In Reply to: Long Addendum posted by Don on July 19, 1999 at 07:38:20:

When a pinion has less then 16 teeth the process of hobbing an involute profile will cause what is known as undercut. In order to prevent this degradation of the tooth strength, the gear can be produced using a process known as addendum modification. This is acomplished by increasing the working pitch diameter through the use of profile shifting. The coefficient of profile shift is the numerical value assign to this. It can range form -1.00 to +1.00. A positive shift is typically applied to a pinion which will be sujected to undercut and a negative shift is applied to the bull gear. It is not necessary to apply a negative shift to the bull gear unless you want to maintain the original center distance.

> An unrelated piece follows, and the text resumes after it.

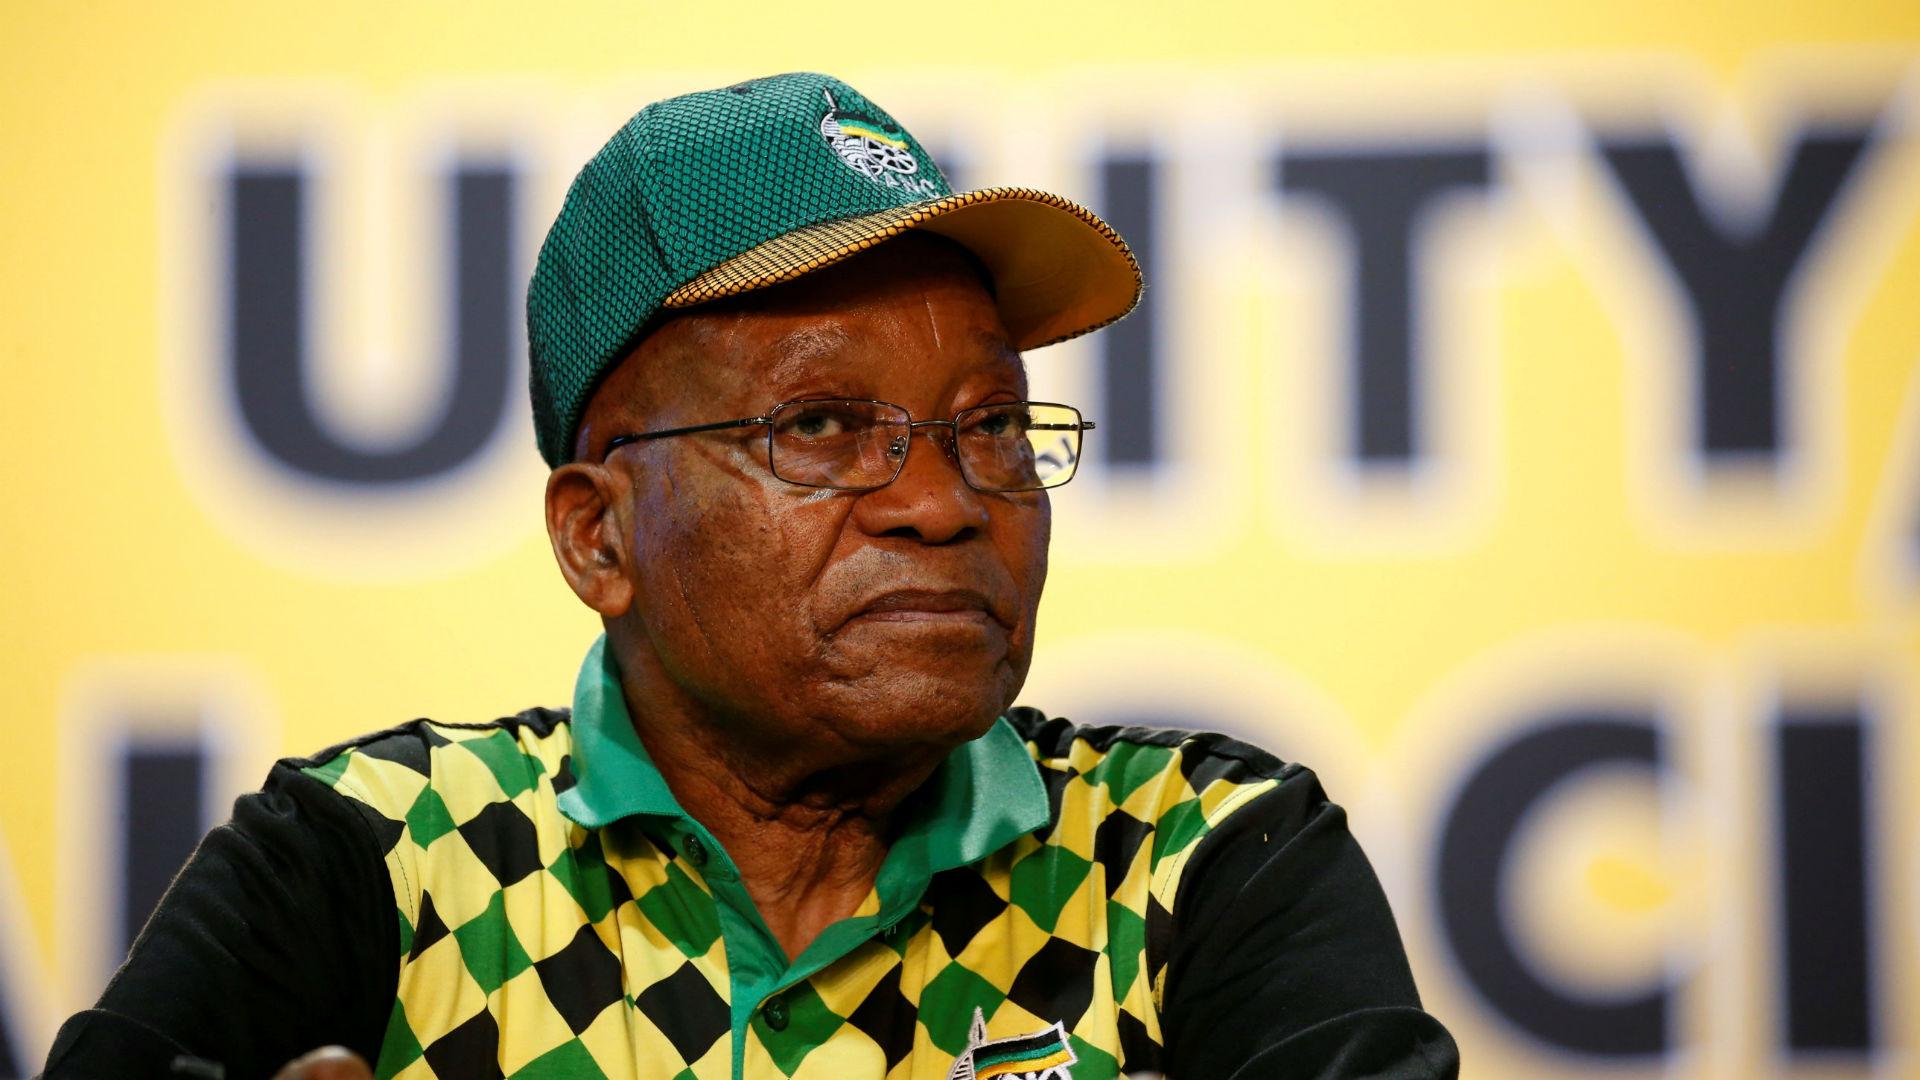 El ahora dimitido presidente sudafricano Jacob Zuma

By increasing a pinion's working pitch diameter, you will increase the center distance of the gear set. You can either compensate for the change in center distance by adjusting the shafting or by applying a negative profile shift to the bull gear.

If you have a known center distance and you wish to calculate the coefficient of profile shift, you will also need to know the number of teeth on each gear, the module (pitch), and the pressure angle.

The method of calculation is as follows:
A) calculate the center distance increment factor. This is the center distance divided by the module minus one half the sum of the total number of teeth.
B) determine the working pressure angle. This is the inverse cosine of quotient of the cosine of the pressure angle and two times the C.D. increment factor divided by the total number of teeth plus one.
c) determine the sum of profile shifting. This is the quotient of the total number of teeth times the difference in the involute function values of the pressure angles divided by two times the tangent of the working pressure angle.
d) distribute the total coefficient between the two gears.